キシロフ氏が最高裁判決に反発する背景には、ヘッジファンドへの全額返済に応じれば、他の債権者からも同様の対応を求められかねないという事情がある。ヘッジファンドと同様に債務カットに応じなかった債権者の分だけでも、追加的な返済負担は150億ドル(約1兆5300億円)に上るとみられ、アルゼンチンの外貨準備高の半分以上が失われることになる。
アルゼンチンはさらに、すでに債務カットに応じた債権者まで全額返済を求める事態になれば、返済負担は1200億ドル(約12兆2400億円)に達すると主張。アルゼンチンの国内法が債務カットに応じた債権者よりも優位な条件での返済を禁じていることも理由に挙げて、ヘッジファンド側への全額返済を徹底的に拒む考えだ。
一方のヘッジファンドは最高裁判決を後ろ盾に、アルゼンチンに全額返済を求める姿勢を崩していない。ヘッジファンドは保有しているアルゼンチン国債の大半をデフォルト後に安値で購入しているとされ、全額返済を受けられれば高い利回りを得られるからだ。キシロフ氏はこうしたヘッジファンドのビジネスモデルを「ハゲタカ」と呼んで厳しく批判する。
しかしアルゼンチンとヘッジファンドの主張がかみ合わないまま、6月30日の債務カットに応じた債権者への利払い期日を過ぎたことで、すでにアルゼンチンは返済を延滞している状態にある。
米格付け会社スタンダード・アンド・プアーズは7月1日、アルゼンチン国債の外貨建て長期信用格付けを一部のデフォルトを示す「SD」に引き下げる可能性があると発表した。30日間の支払い猶予期間が終わるまでは引き下げは行わない方針だが、「アルゼンチンは半分以上の確率で猶予期間中に利払いができない」との見方も示しており、デフォルトはますます現実味を増している。
アルゼンチンが約13年ぶりのデフォルトに陥った場合でも、前回のデフォルトをきっかけにアルゼンチン国債を保有している海外投資家は少なくなっているため、世界経済への直接的な影響は限定的との見方も多い。しかし南米でブラジルに次ぐ規模があるアルゼンチンは海外の国債発行市場への復帰がますます難しくなることは確実で、経済にとってマイナスであることは間違いない。

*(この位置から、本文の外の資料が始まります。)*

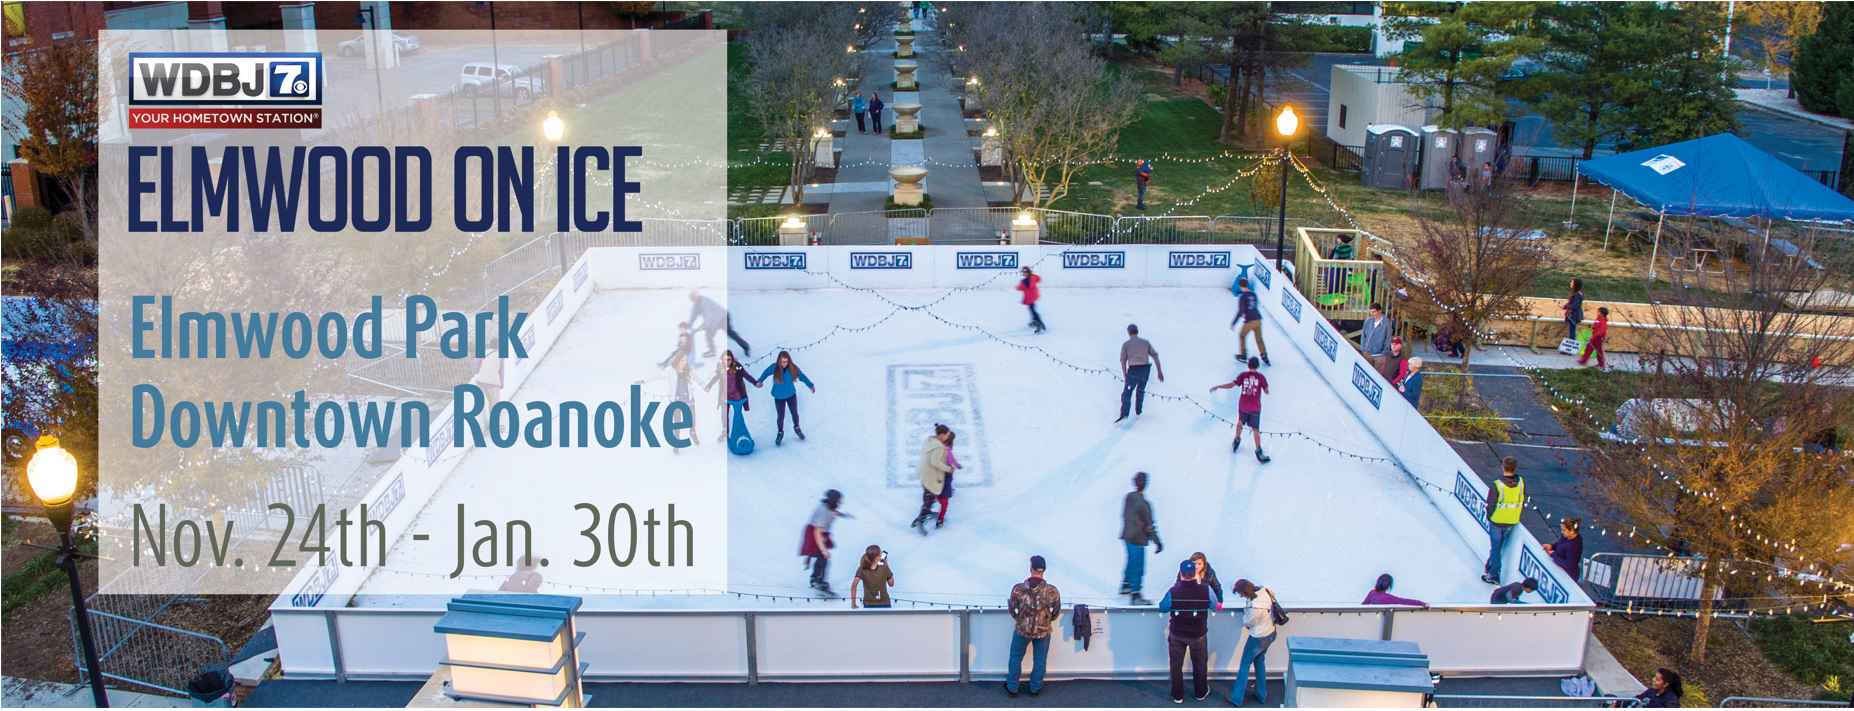 https://www.downtownroanoke.org/events/signature-events/elmwood-on-ice

アルゼンチンはヘッジファンドへの全額返済に応じてさらなる返済要請を受けるリスクをとるか、約13年ぶりのデフォルトで経済を下押しするリスクをとるかの選択を迫られている状態にある。全額返済に向けて強硬姿勢を取り続けてきたヘッジファンドが妥協に転じる可能性は低く、アルゼンチンは崖っぷちに立たされている。(ワシントン支局 小雲規生(こくも・のりお)/SANKEI EXPRESS)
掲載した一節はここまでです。